Description of the task: Copy without pictures. Please restate each line of the listing exactly.

Data section:
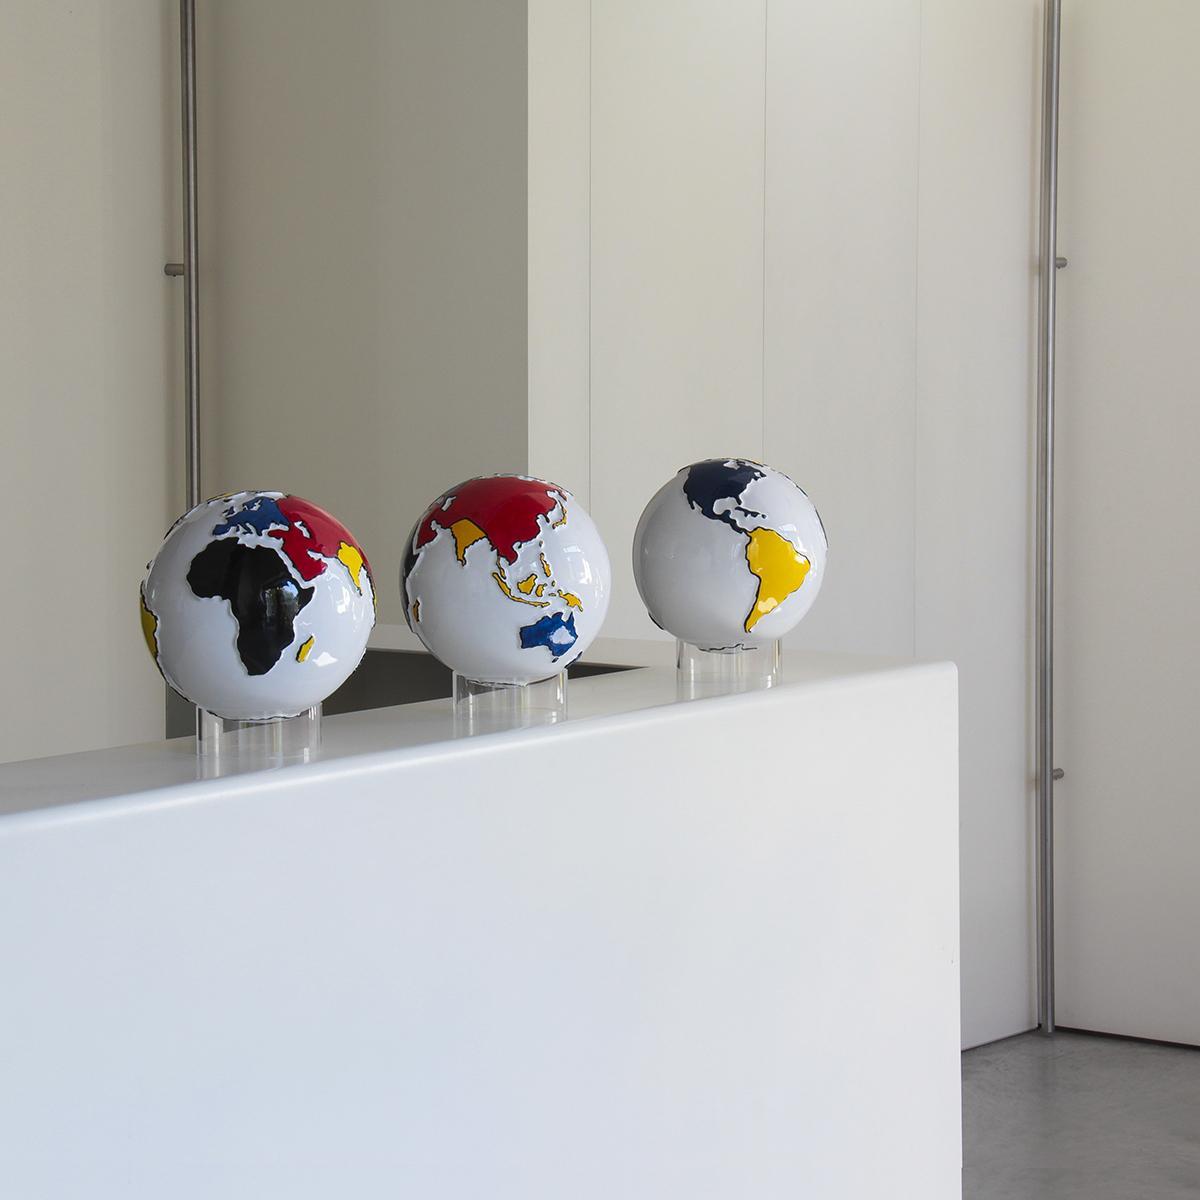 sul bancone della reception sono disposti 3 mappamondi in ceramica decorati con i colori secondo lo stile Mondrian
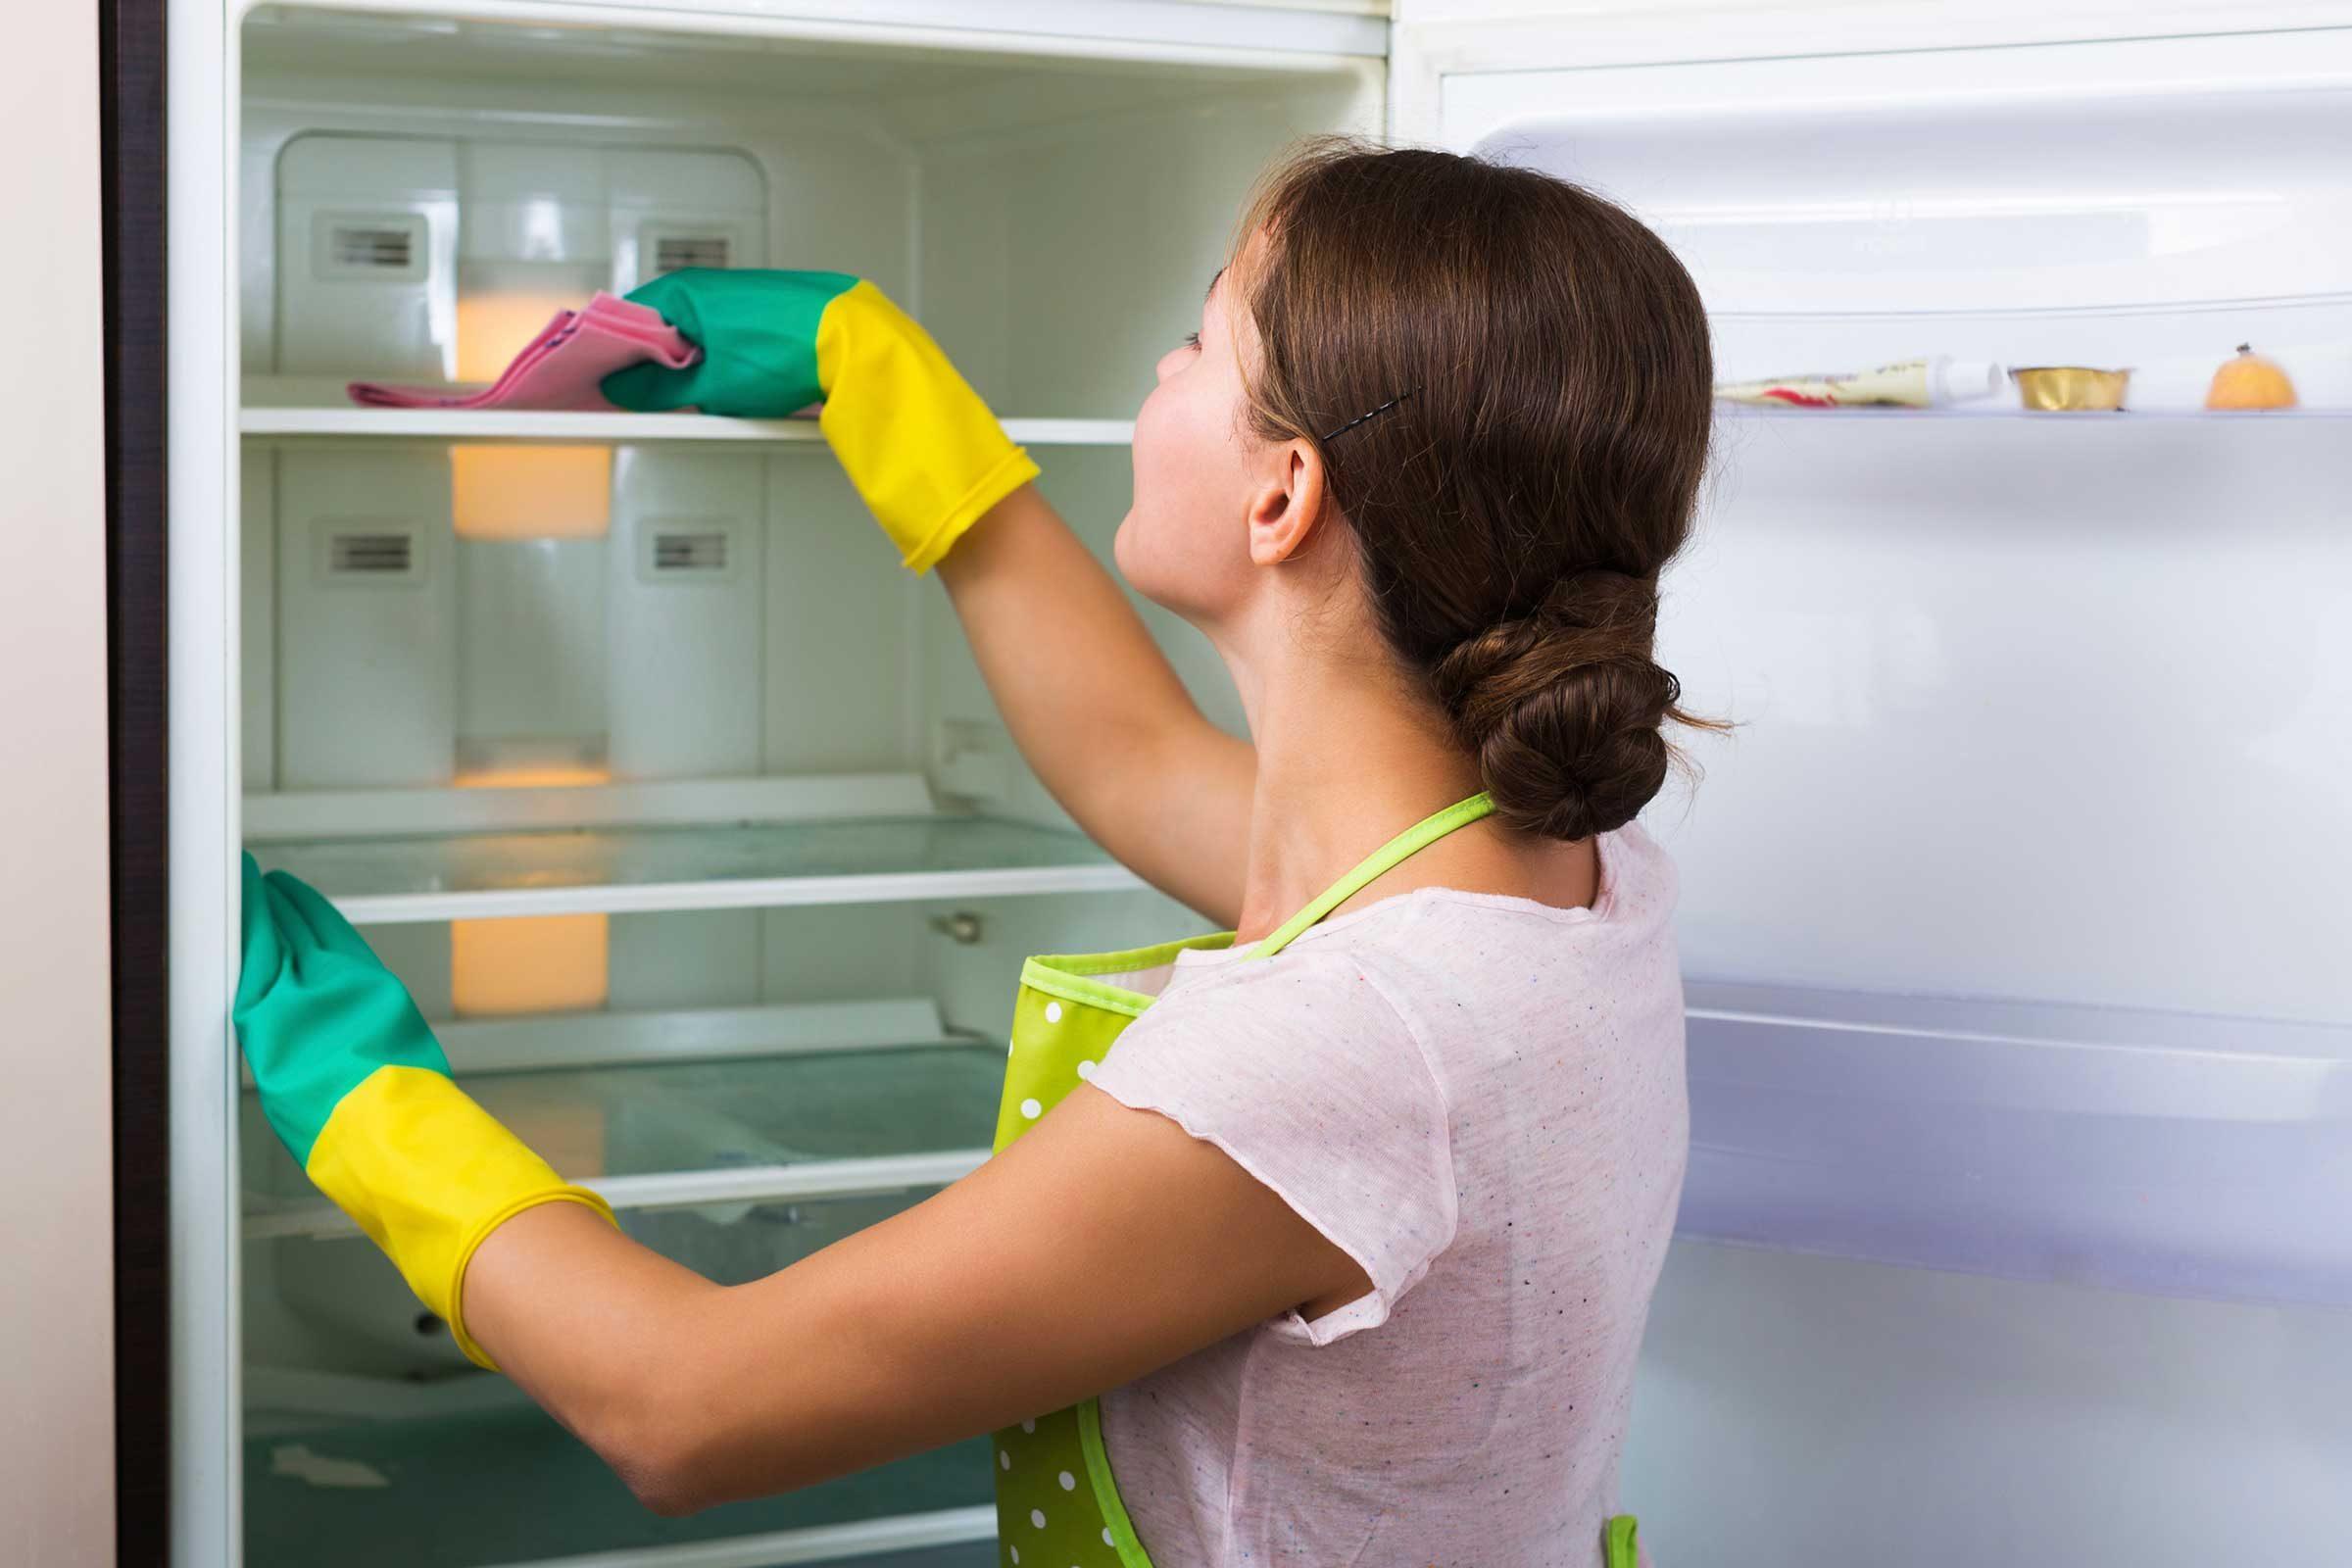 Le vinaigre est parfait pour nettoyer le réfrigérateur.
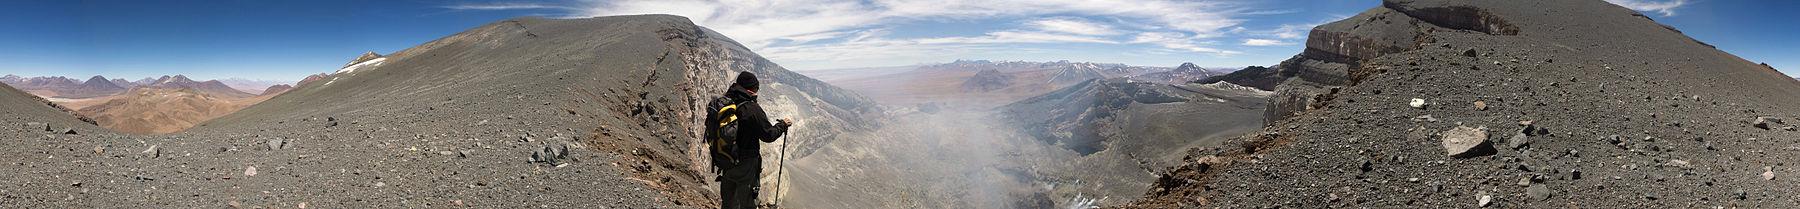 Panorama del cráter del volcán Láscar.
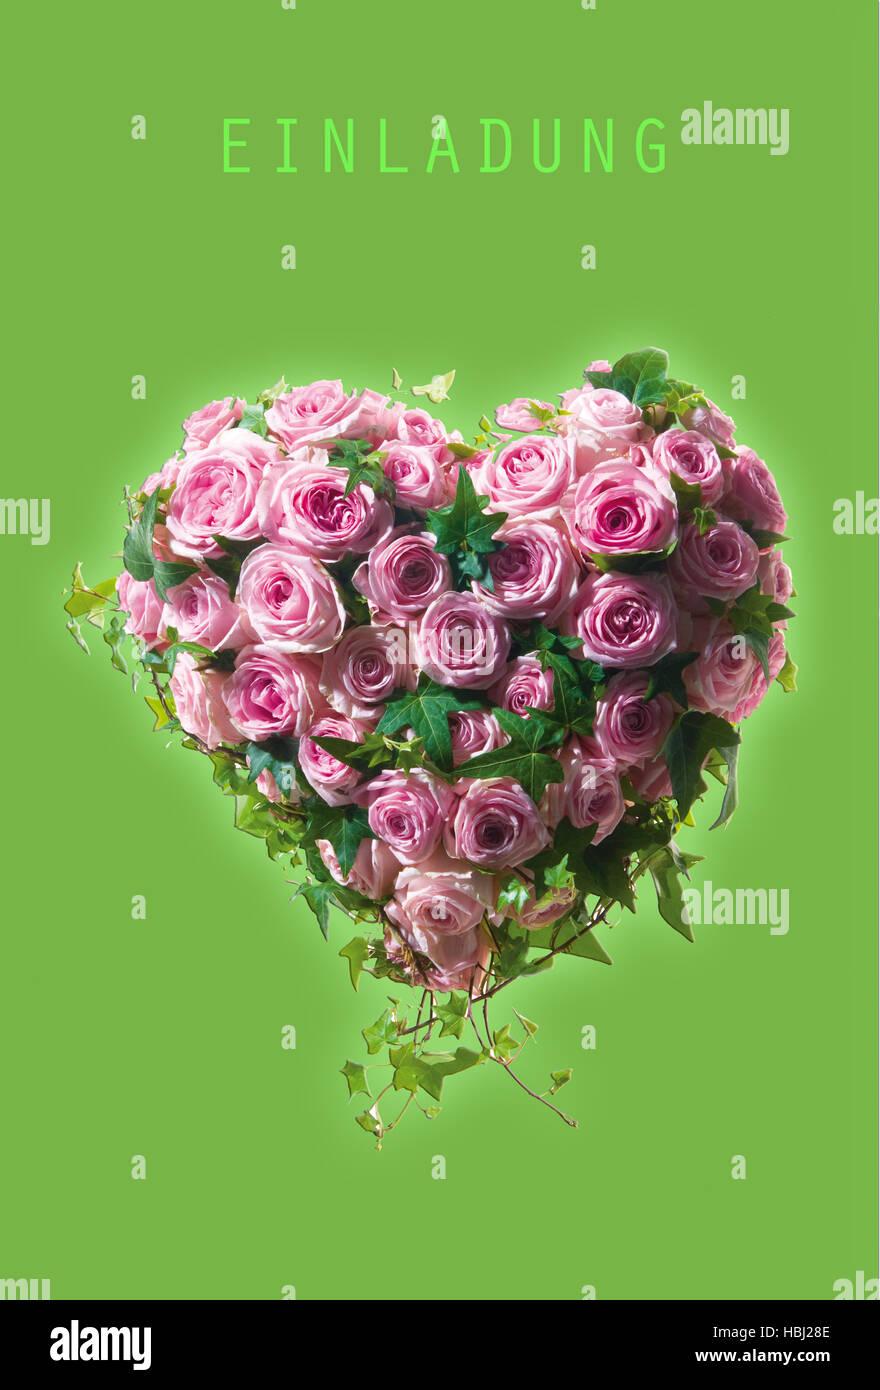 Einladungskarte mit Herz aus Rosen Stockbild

Response below:
 sul bancone della reception sono disposti 3 mappamondi in ceramica decorati con i colori secondo lo stile Mondrian
 Le vinaigre est parfait pour nettoyer le réfrigérateur.
 Panorama del cráter del volcán Láscar.
 Einladungskarte mit Herz aus Rosen Stockbild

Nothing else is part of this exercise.